In January 2026, the Jacksonville Downtown Investment Authority unanimously approved up to $875,000 for demolition and asbestos abatement of the former MOSH Southbank building. The 58-year old structure was deemed unsuitable for reuse, and the city determined that demolition was in the public interest due to ongoing maintenance costs and redevelopment potential. At the same time, two-year CEO Dove tendered his resignation, citing a desire to "pursue new opportunities".

==Core exhibits==
The core exhibits at MOSH include:
- Health in Motion - An interactive exhibit detailing the functions of the human body.
- Atlantic TAILS: Coastal Creatures of Northeast Florida
- JEA Powerplay
- JEA Science Theater - Scheduled live science demonstrations.
- Florida Naturalist's Center - An exhibition of the local amphibians, reptiles, and birds of Northeast Florida.
- Currents of Time: A History of Jacksonville & Northeast Florida - History of Jacksonville & The First Coast from Pre-Columbian to the 1950s.
- Hixon Native Plant Courtyard - Northeast Florida native environment encouraging awareness and preservation of native species.
- Space Science Gallery - Orientation space for the Bryan-Gooding Planetarium to learn about the innovation and history of space exploration.
- Interpreting Northeast Florida: A Historic Mural by Elmer Grey
- Kidspace - Interactive exhibit for children under the age of 5.
- Bryan-Gooding Planetarium - Multiple daily planetarium shows in one of the largest single-lens planetariums in the United States.

==Previous exhibits==
Displays on the second third floor are known as travelling exhibits.
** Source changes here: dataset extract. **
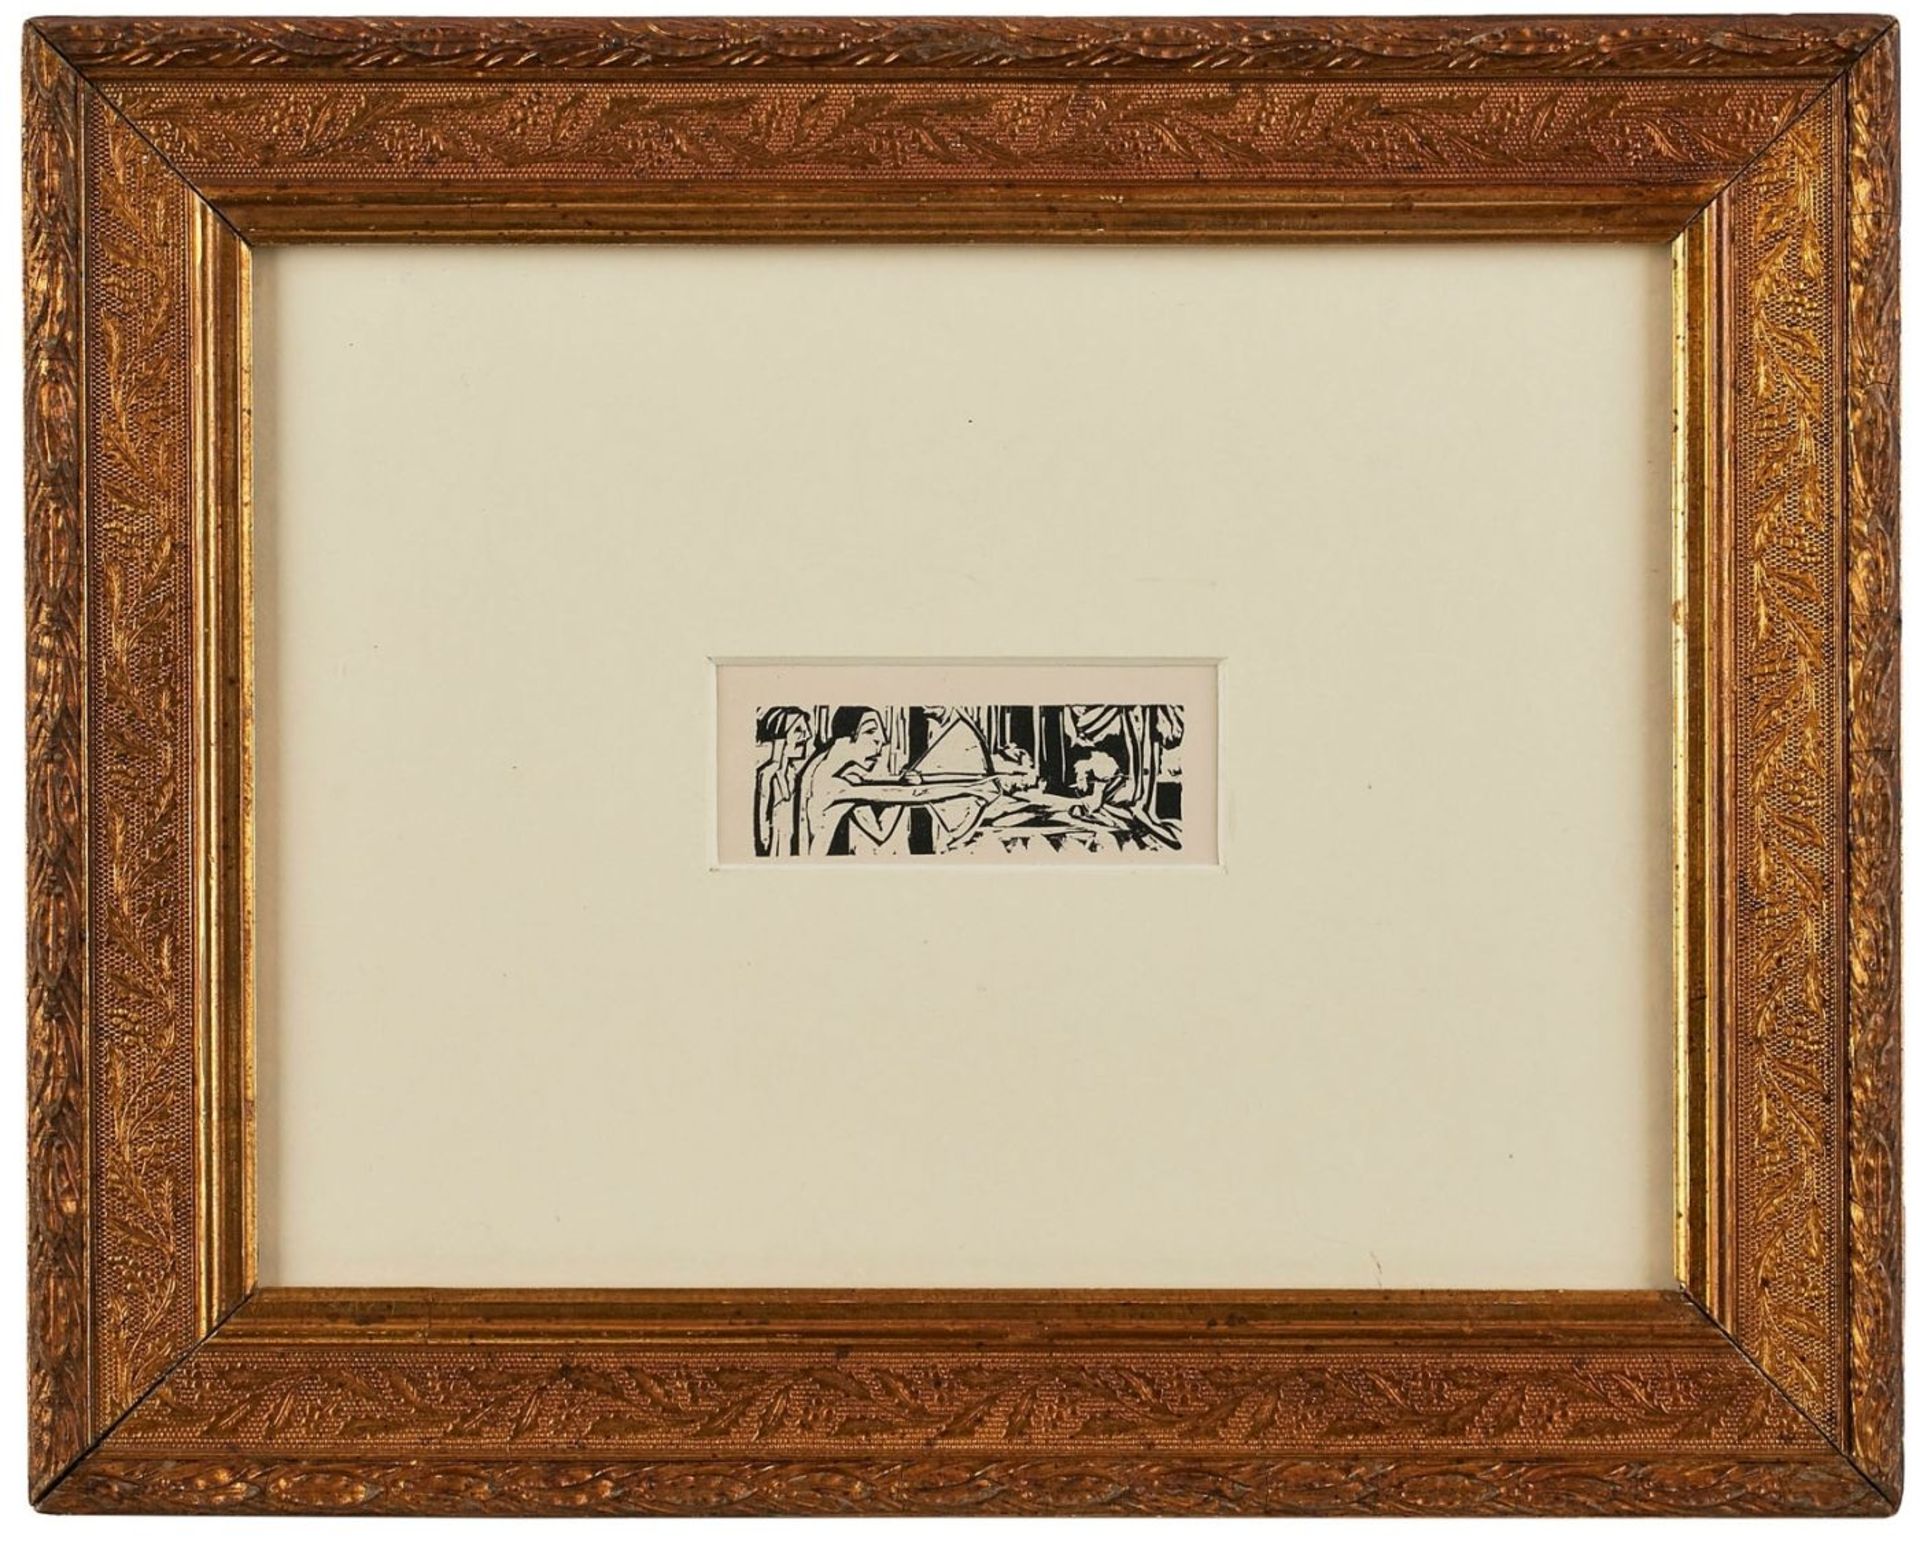 Holzschnitt Ernst Ludwig Kirchner 1880 - Image 2 of 2

- Playing With Lights used lasers to manipulate light. At twenty-one different stations, visitors could poke, prod, and bend light.

- Bicentennial exhibit showed how occurrences such as fires, floods, disease, and other monumental events have shaped Jacksonville's economy, environment, and future.

- WeaveTales sought to make people aware of refugees and their families. The exhibit utilized information about North Florida refugees and highlighted a woman's journey to Jacksonville. Previously shown at Museum of Contemporary Art Jacksonville.